Lady Justice of Appeal
- In office 2019–2023

Justice of the High Court
- In office 2013–2019

Personal details
- Born: 17 September 1963 (age 62)
- Alma mater: Sidney Sussex College, Cambridge University of Amsterdam

= Ingrid Simler, Lady Simler =

British judge (born 1963)

Ingrid Ann Simler, Lady Simler, DBE, PC (born 17 September 1963) is a Justice of the Supreme Court of the United Kingdom. She was previously a judge of the Court of Appeal of England and Wales.

==Career==
Born to a Jewish family, she was educated at Henrietta Barnett School, Sidney Sussex College, Cambridge and the University of Amsterdam.

She was called to the bar by Inner Temple in 1987 and became a QC in 2006. Simler was appointed a Recorder in 2002 and was a judge of the High Court of Justice (Queen's Bench Division) from 2013. She was President of the Employment Appeal Tribunal for a term of three years from 1 January 2016 to 31 December 2018.

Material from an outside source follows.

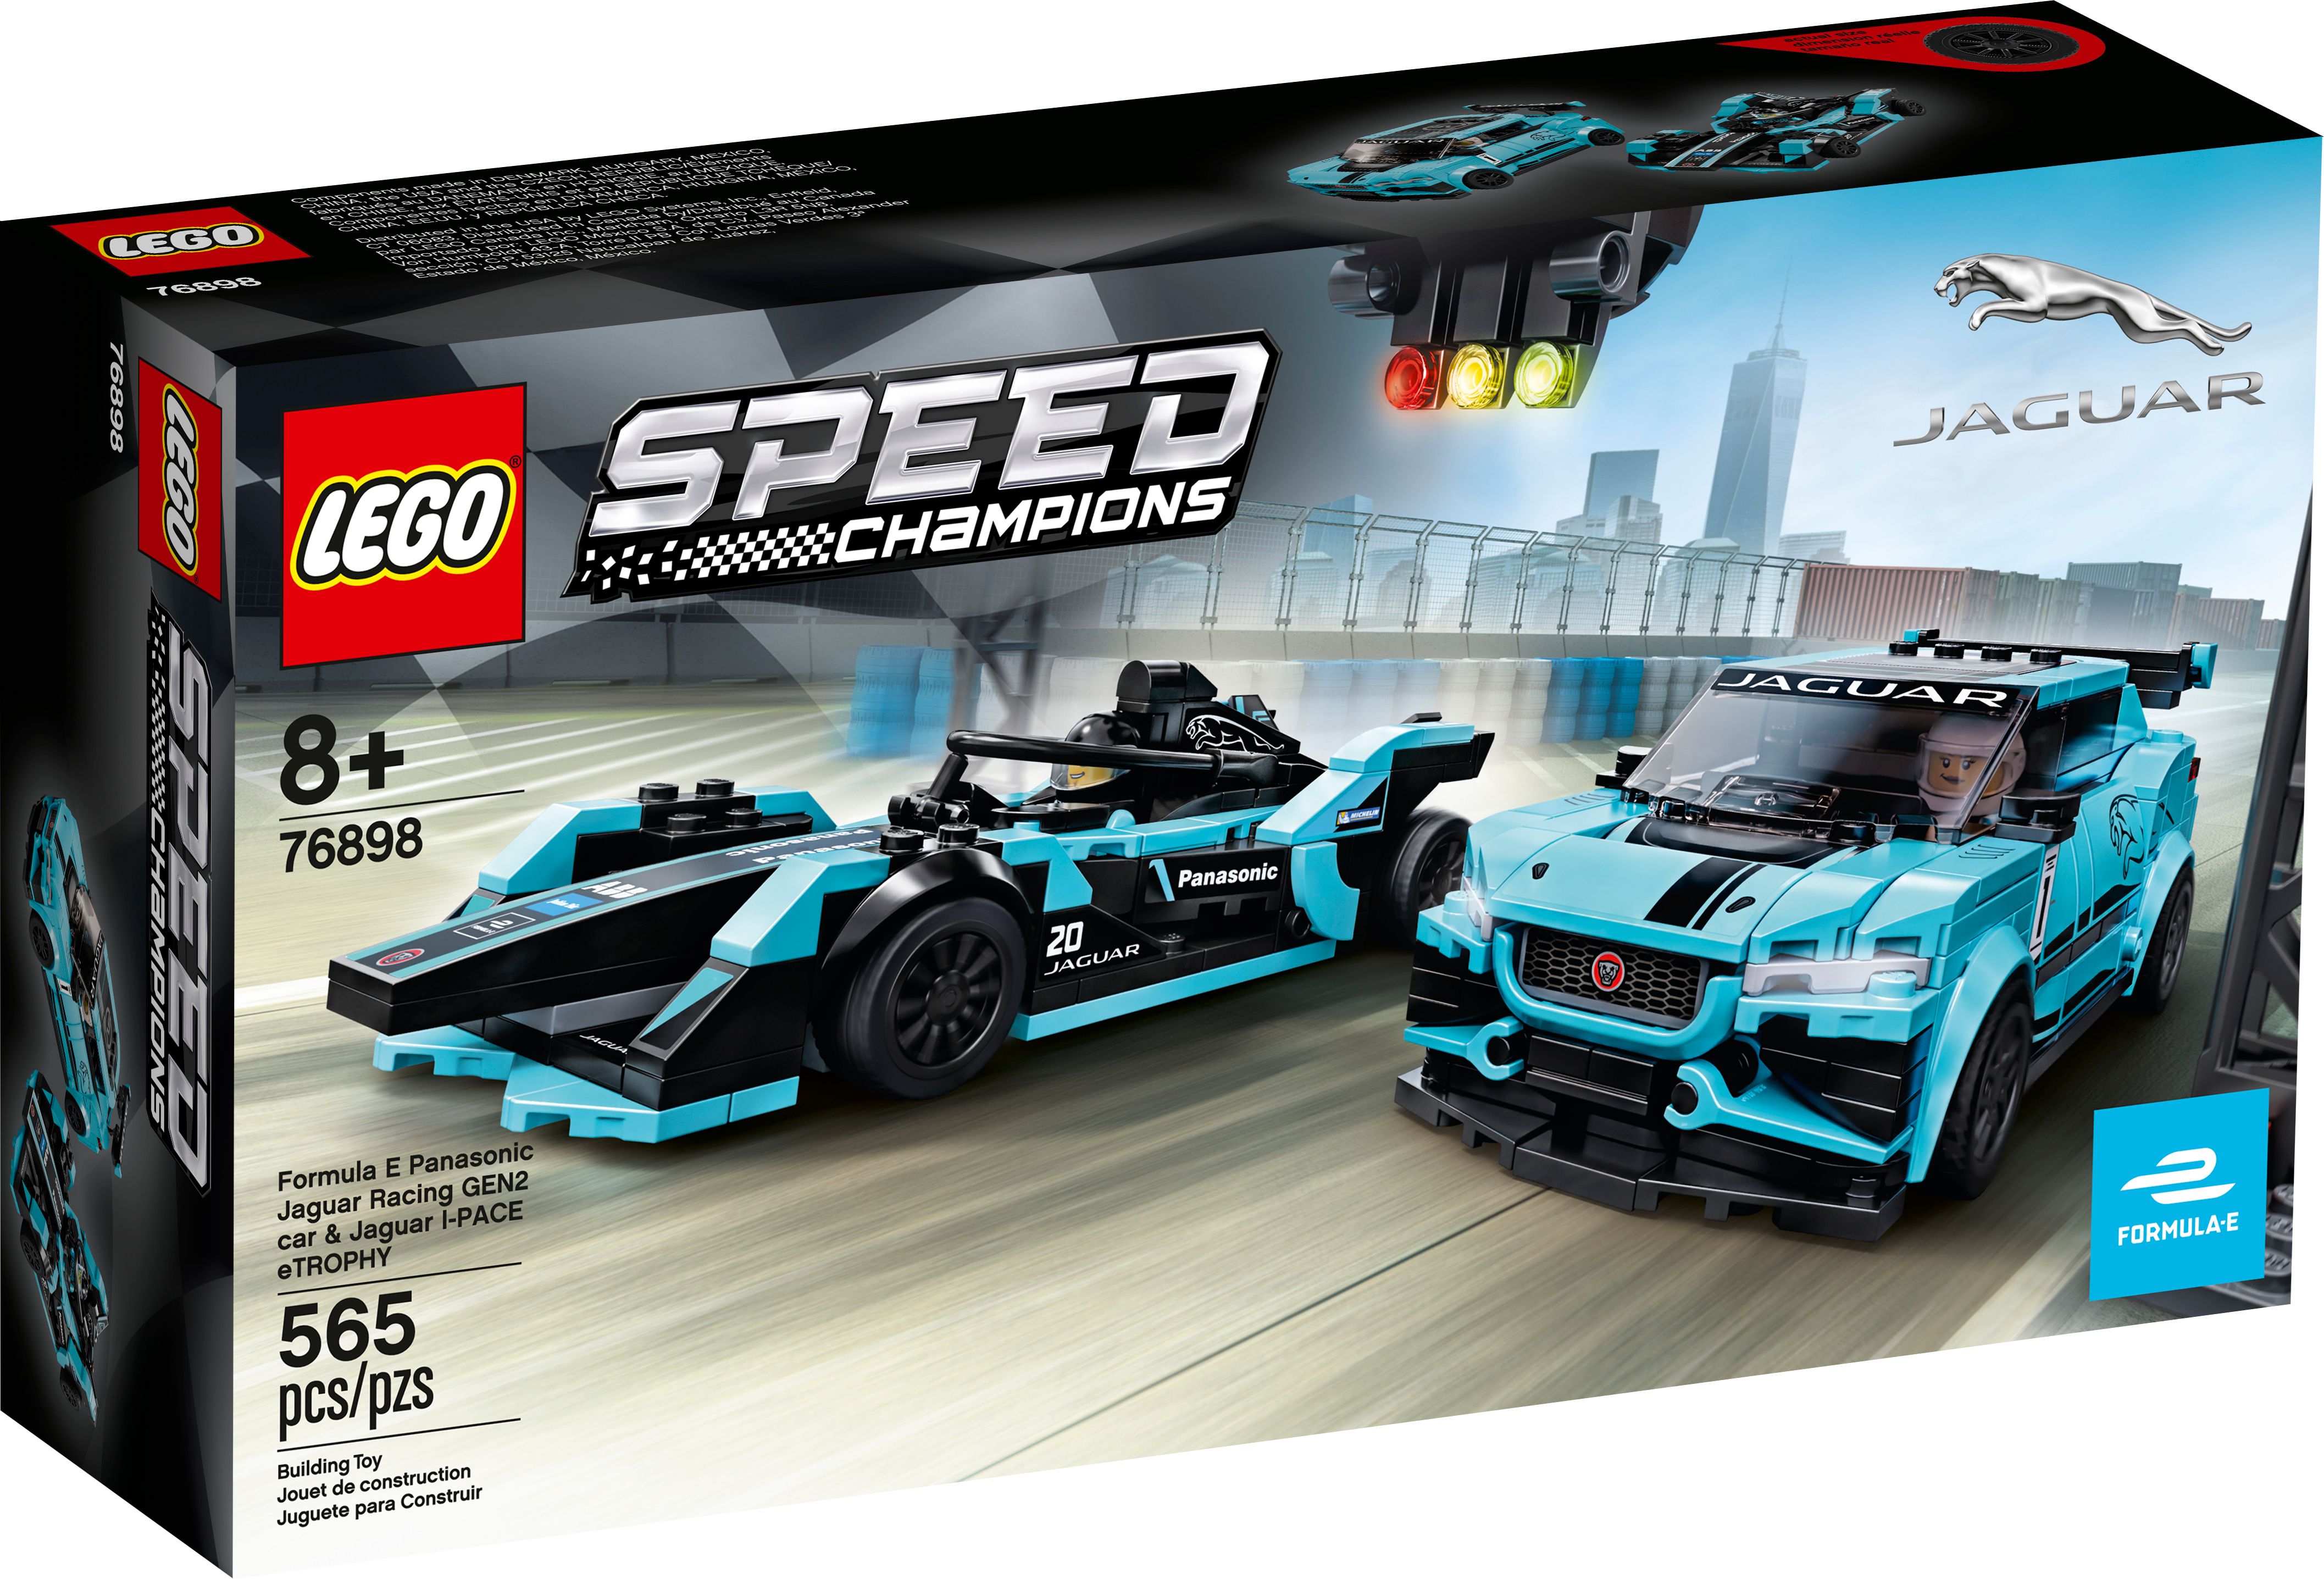 LEGO Speed Champions Formula E Panasonic Jaguar Racing Gen2 car & I-PACE eTROPHY 76898 Building Kit - image 5 of 8

On 27 June 2018, it was announced that Simler was to be appointed to the Court of Appeal, an appointment she took up on 2 July 2019.

Simler was chair of the Equality and Diversity Committee of the Bar Council, and at the date of announcement of her appointment to the High Court bench in 2013 she was head of her chambers. She is the chair of the Equality, Diversity and Inclusion sub-committee of the Inner Temple.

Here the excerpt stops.